Let's say a customer with ID 12346 buy something from our online store. The next thing that we should do is to run the collaborative filtering to find the top 5 products that they might like.

In [29]:
customer_id = 12346
products_to_recommend = customer_recomendation(customer_id)

In [30]:
for i,v in enumerate (products_to_recommend):

  print(f'Number {i+1} product to be most likely to be in customer {customer_id} basket is {v}')
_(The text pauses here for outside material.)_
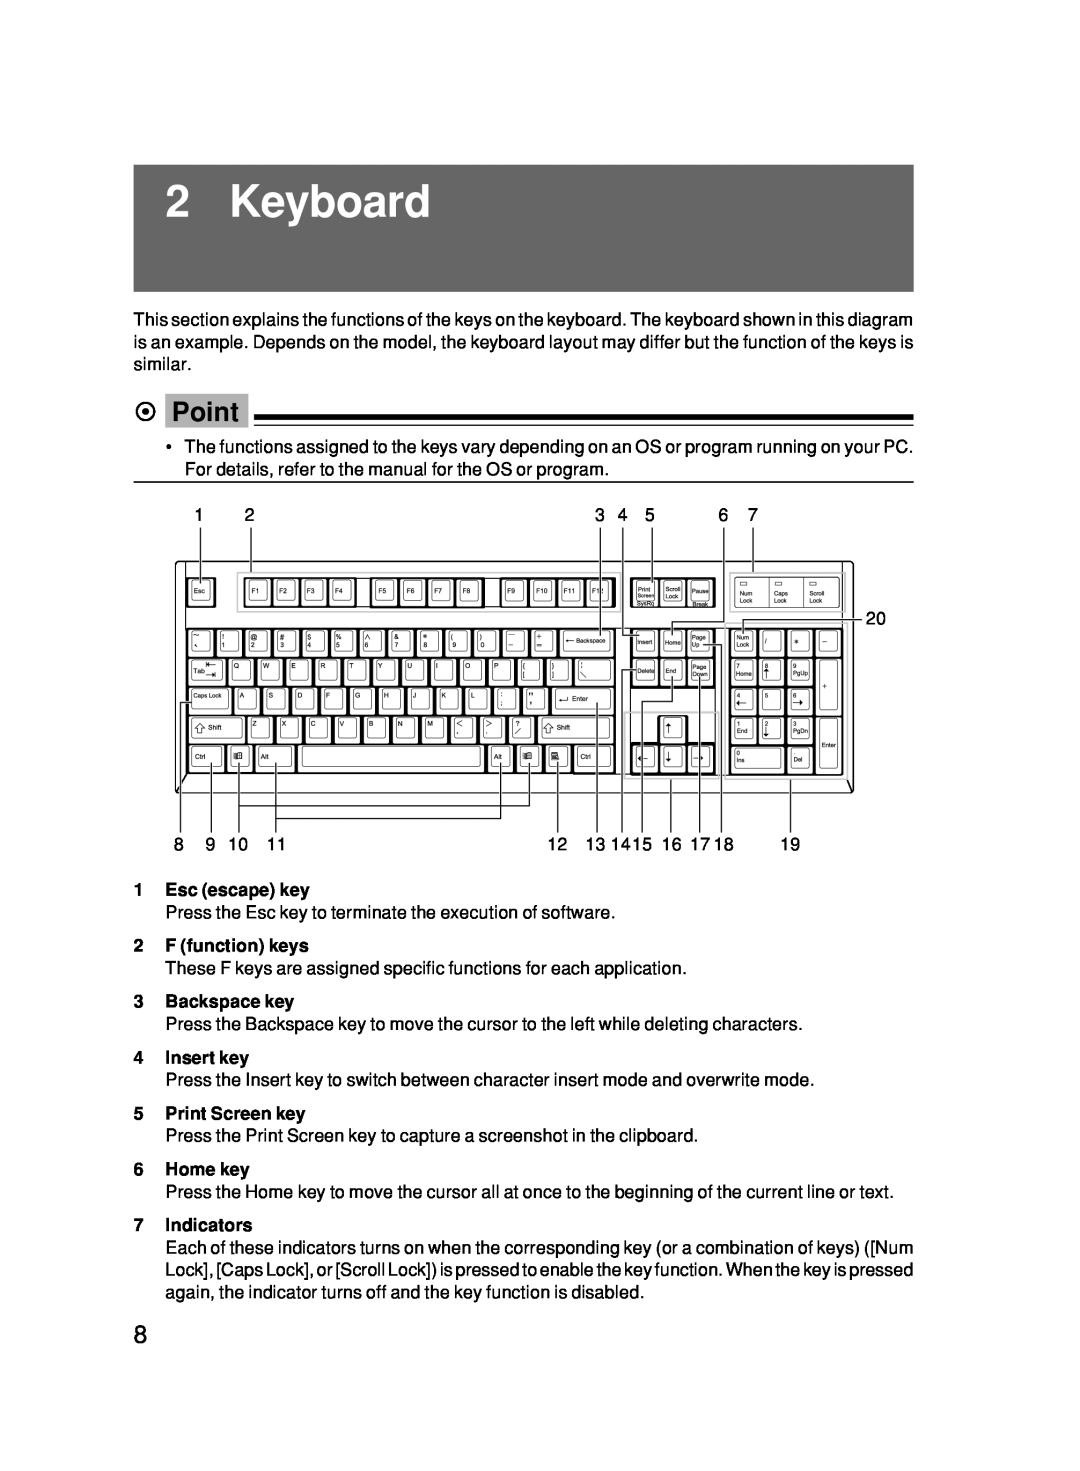 Fujitsu 500 Keyboard, Esc escape key, F function keys, Backspace key, Insert key, Print Screen key, Home key, Indicators

Number 1 product to be most likely to be in customer 12346 basket is CREAM HEART CARD HOLDER
Number 2 product to be most likely to be in customer 12346 basket is PINK/BROWN DOTS RUFFLED UMBRELLA
Number 3 product to be most likely to be in customer 12346 basket is CUBIC MUG BLUE POLKA DOT
Number 4 product to be most likely to be in customer 12346 basket is BLACK HEART CARD HOLDER
Number 5 product to be most likely to be in customer 12346 basket is ROSE DU SUD COSMETICS BAG


As we can see above, when a customer with ID 12346 buy one item, the recommender system will recommend 5 products to them, for example Cream Heart Card Holder, Black Heart Card Holder, etc.